Task prompt: Transcribe the listing exactly, leaving out every picture.

Data excerpt:
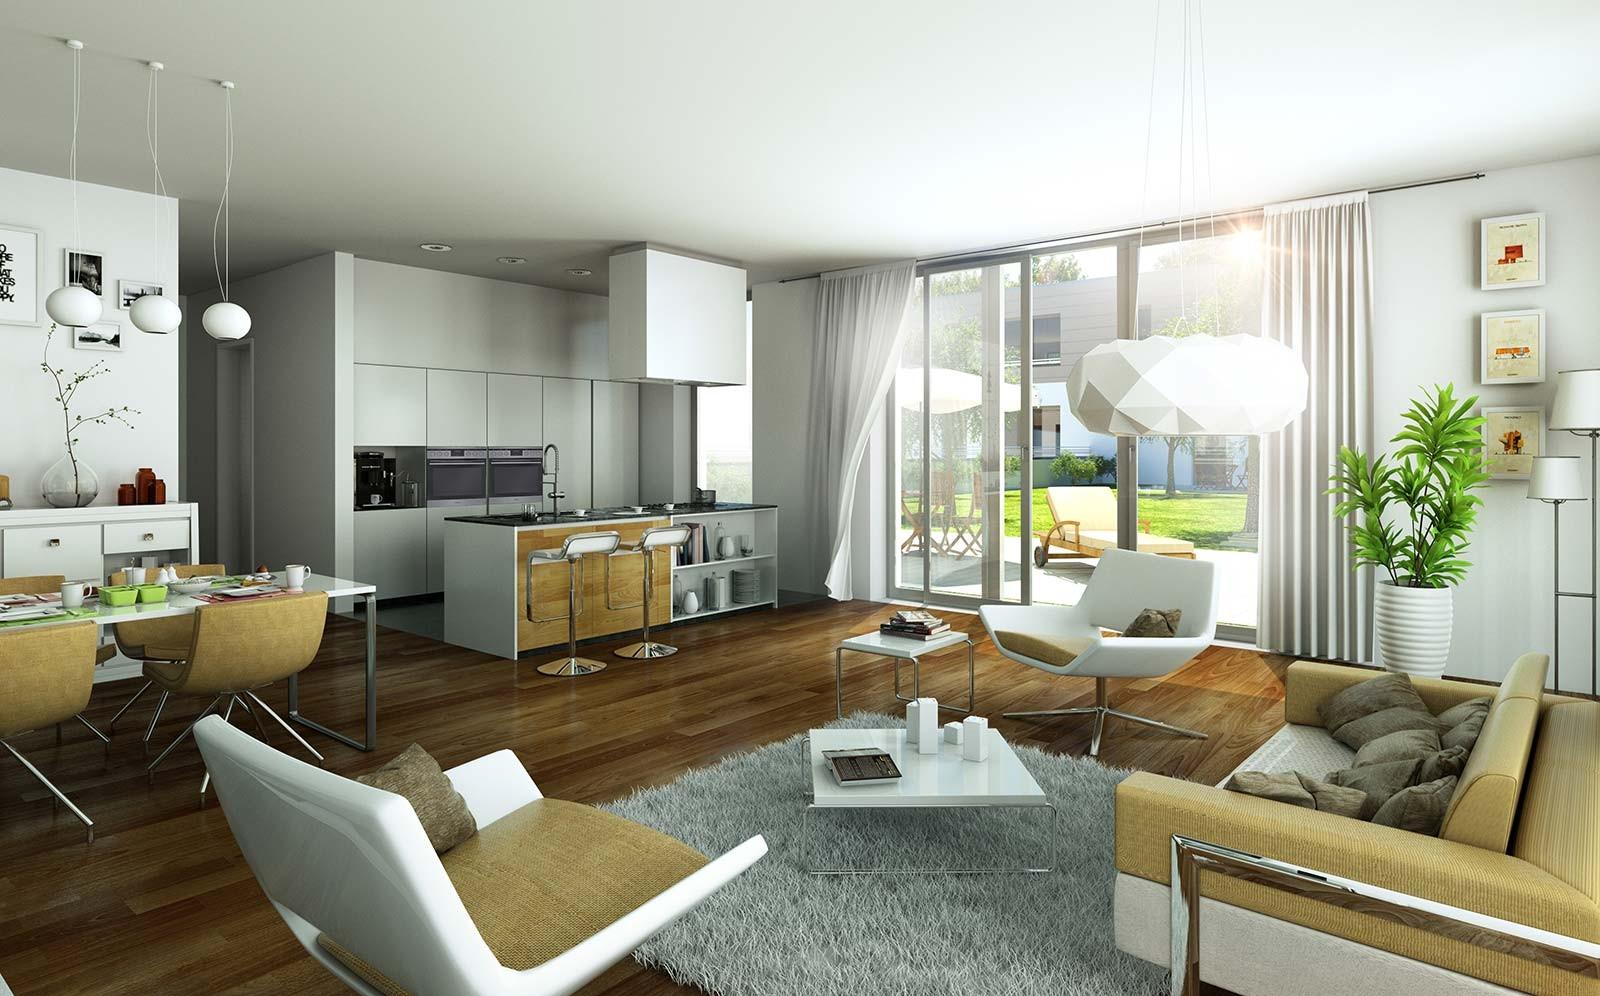 Wohnzimmer in Potsdam - Architekturvisualisierung Innenraum
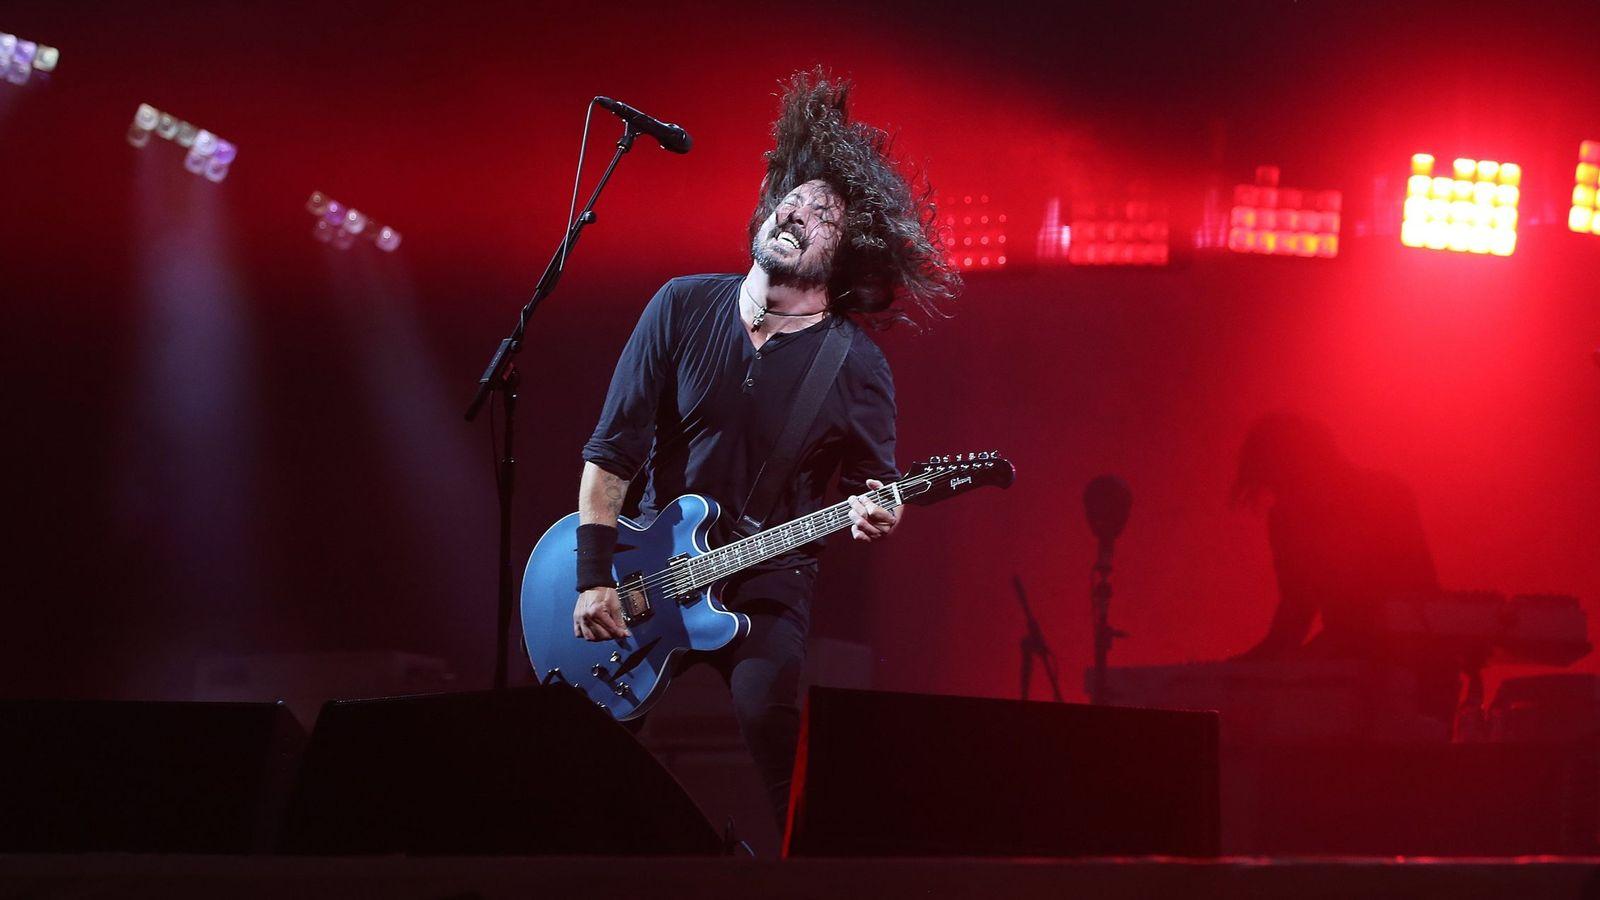 Foto: Dave Grohl, de Foo Fighters, en acción. (Reuters)
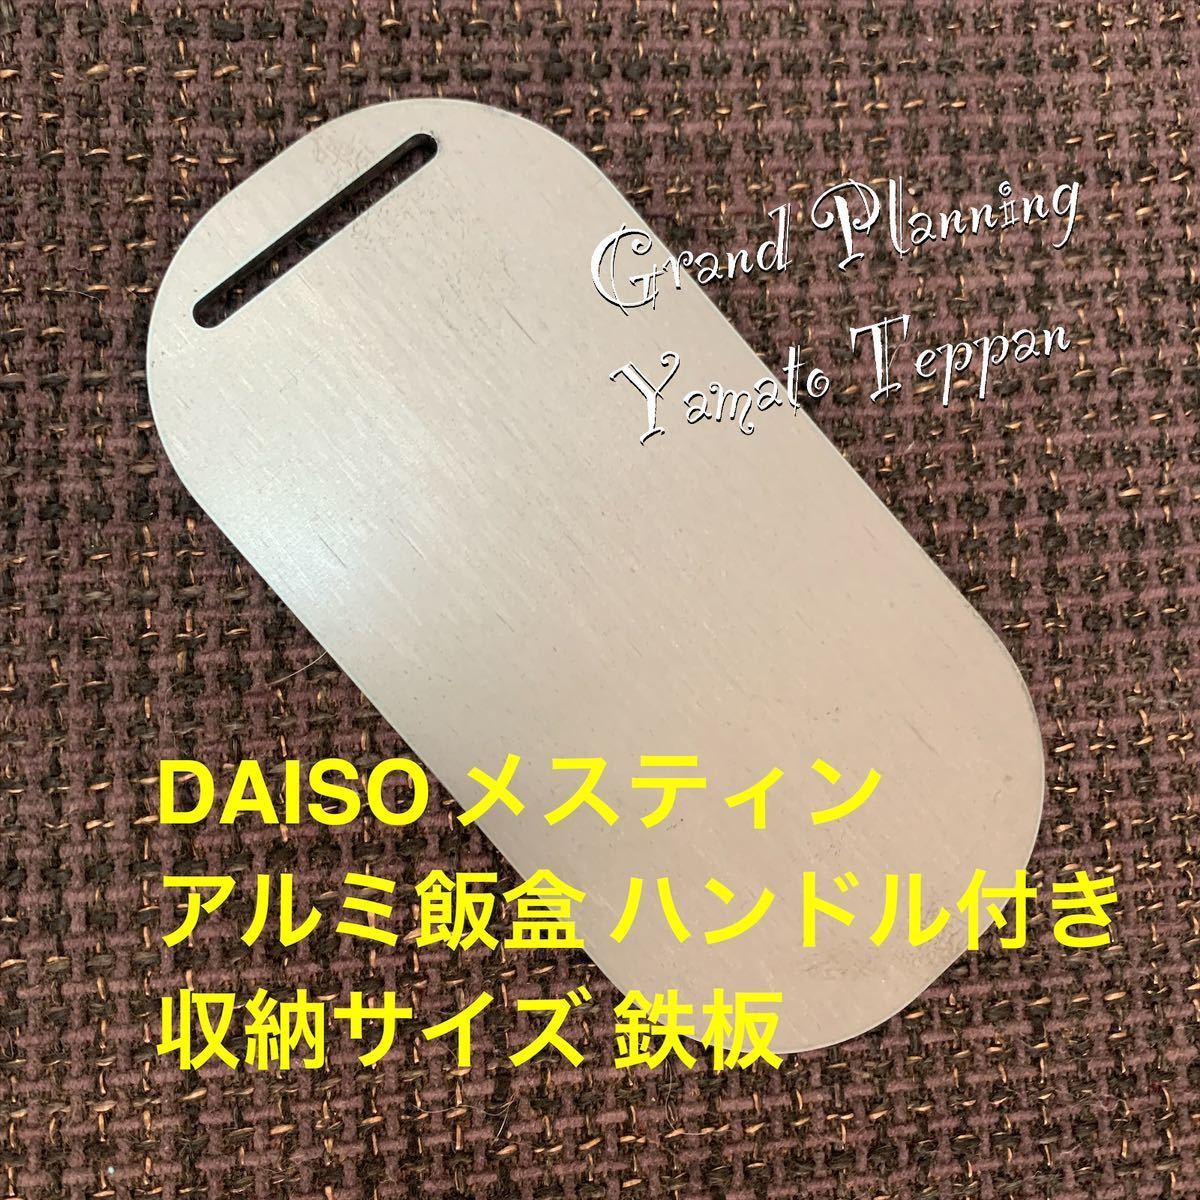 ダイソー メスティン ゴトク 収納 4.5ミリ 鉄板 トング ヘラ 小皿 まな板 ニット収納袋 猫グレー スターターセット 大和鉄板
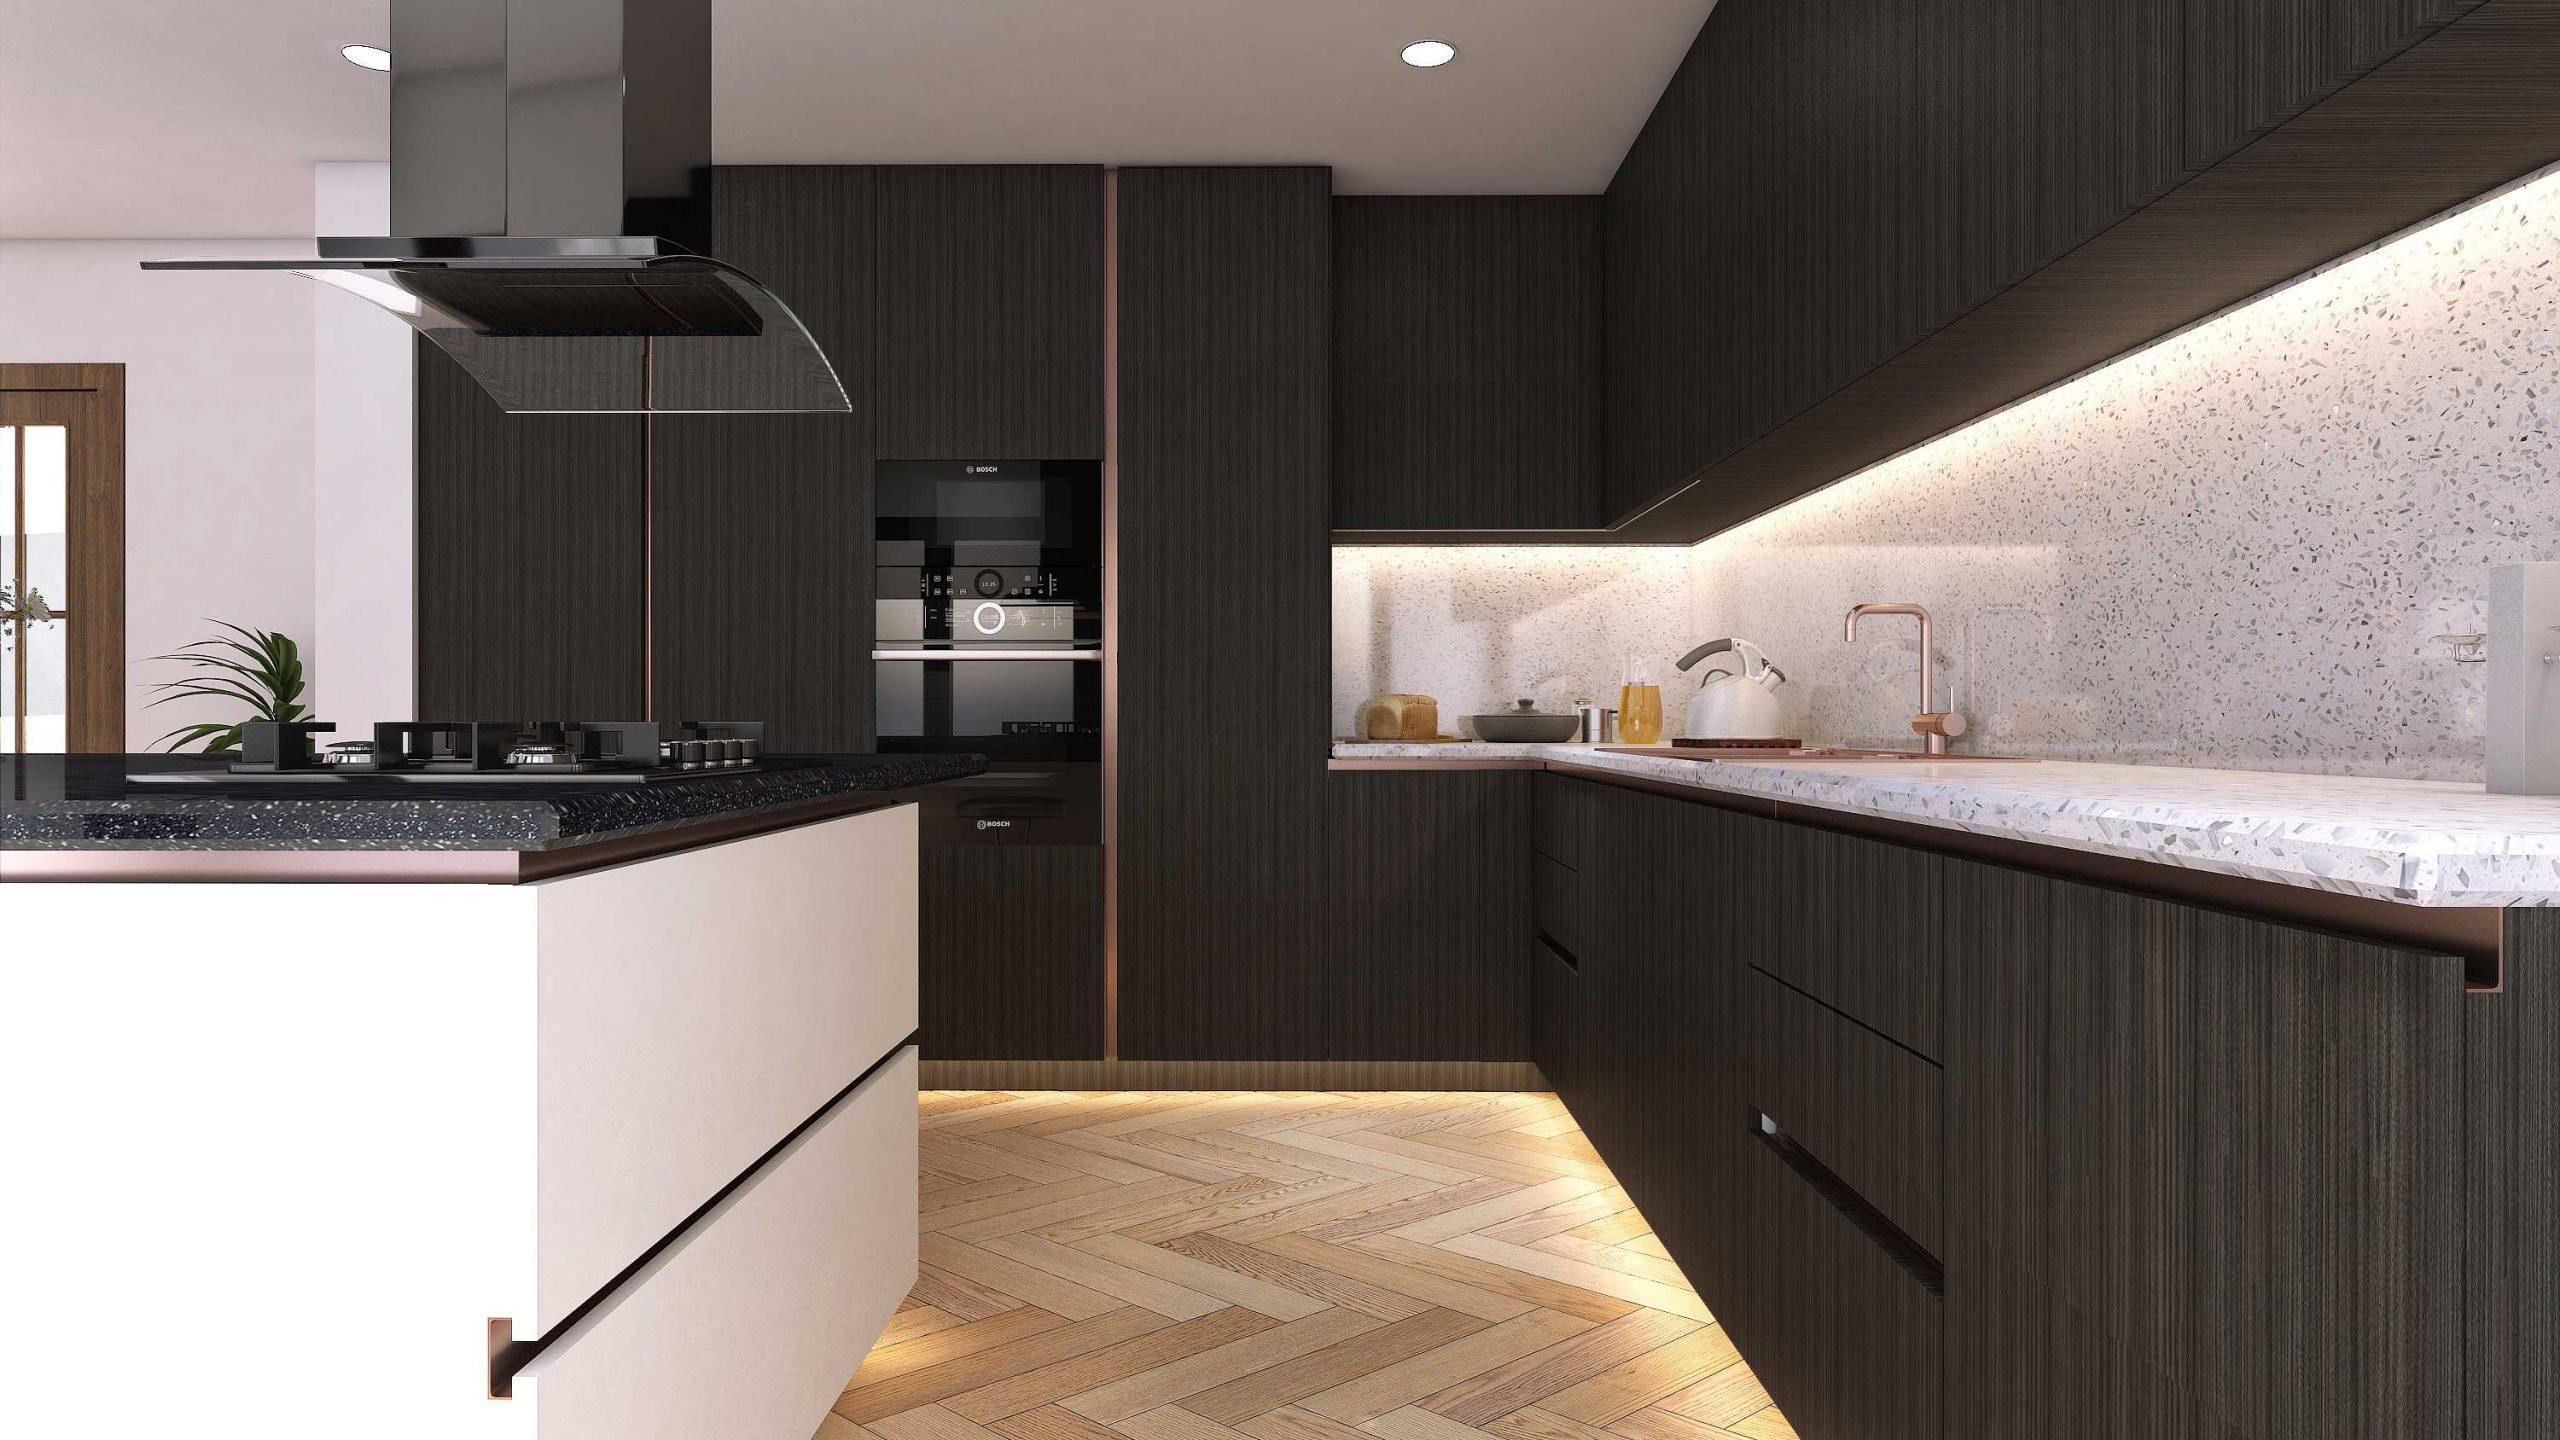 watford kitchen

Finished exercise:
 Wohnzimmer in Potsdam - Architekturvisualisierung Innenraum
 Foto: Dave Grohl, de Foo Fighters, en acción. (Reuters)
 ダイソー メスティン ゴトク 収納 4.5ミリ 鉄板 トング ヘラ 小皿 まな板 ニット収納袋 猫グレー スターターセット 大和鉄板
 watford kitchen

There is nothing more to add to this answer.